▸ **Exercise**:
Lines outside the range are not wanted. Give again exactly the lines between the line holding "Dr. Abhijeet Patil" and the line holding "Promo GO-SEND: GO-SEND", inclusive, from the listing below.

━━━ Data excerpts

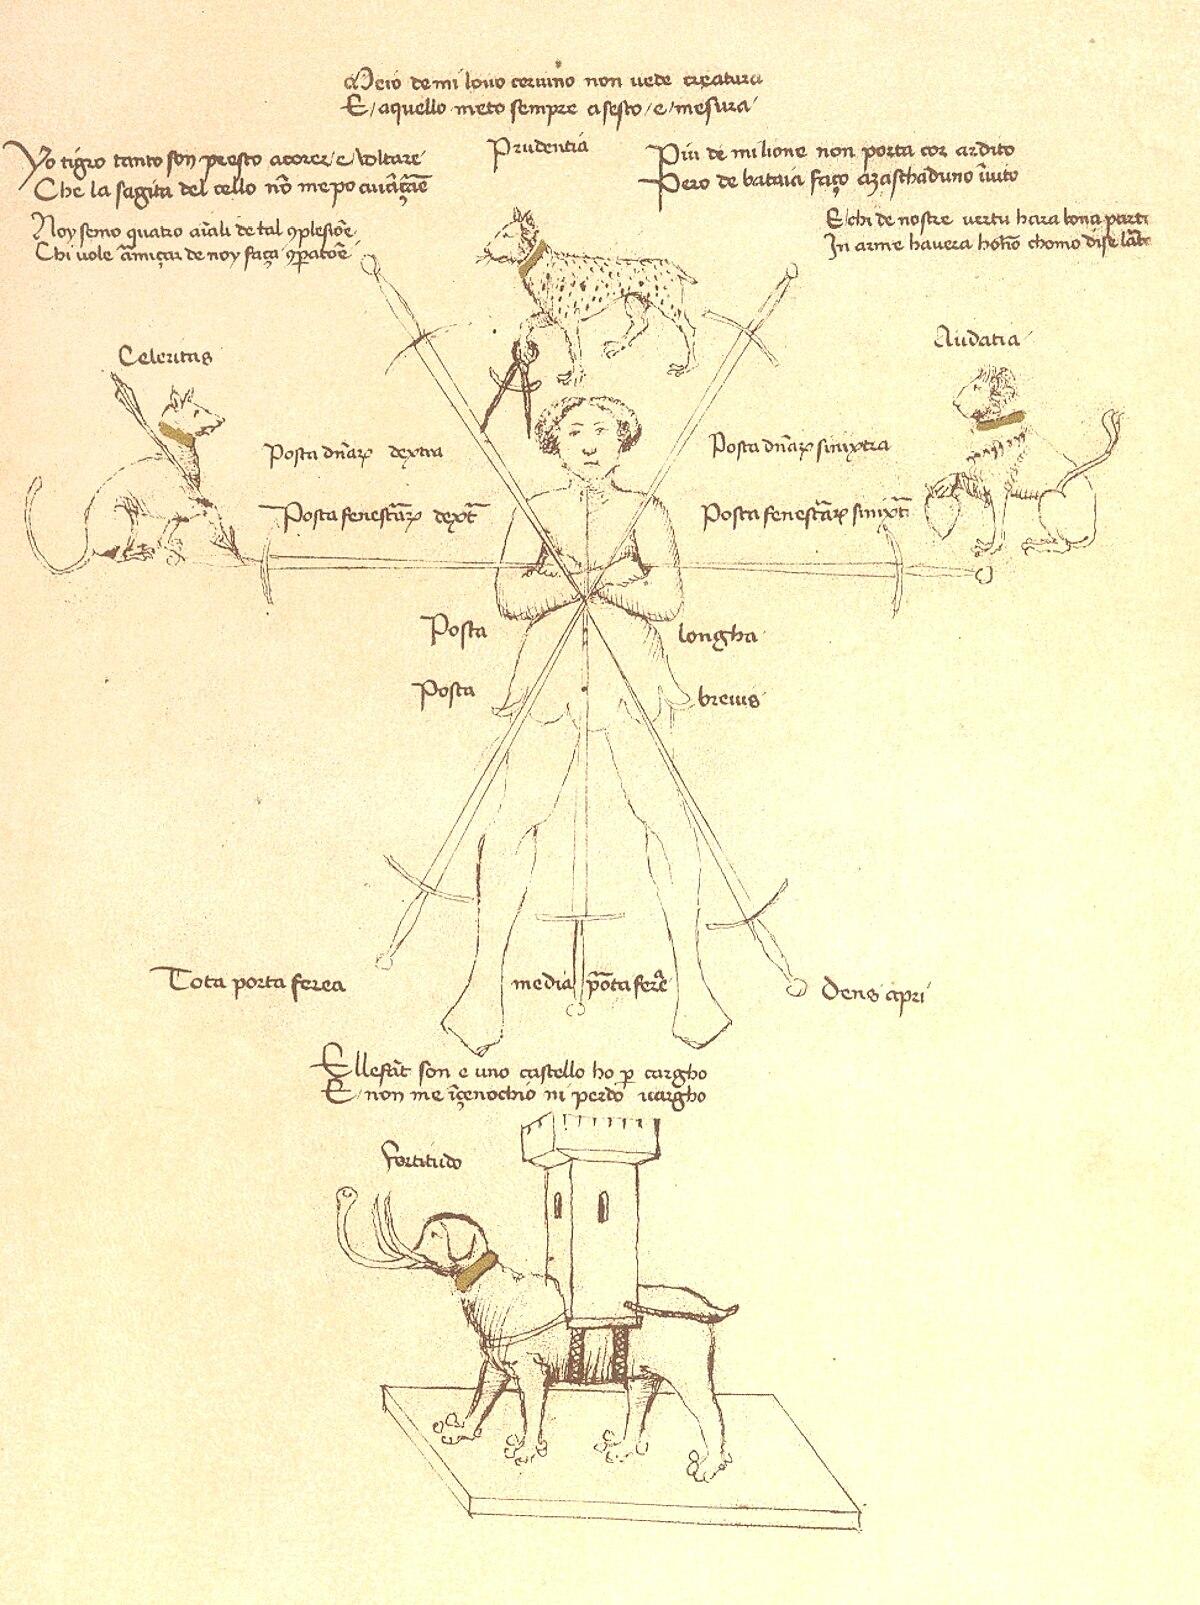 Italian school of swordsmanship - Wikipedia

━━━━━━
━━━ Data excerpts

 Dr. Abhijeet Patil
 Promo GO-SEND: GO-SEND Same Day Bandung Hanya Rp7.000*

━━━━━━
━━━ Data excerpts

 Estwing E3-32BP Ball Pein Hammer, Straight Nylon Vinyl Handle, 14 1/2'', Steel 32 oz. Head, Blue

━━━━━━

▸ **Answer box**:
 Dr. Abhijeet Patil
 Promo GO-SEND: GO-SEND Same Day Bandung Hanya Rp7.000*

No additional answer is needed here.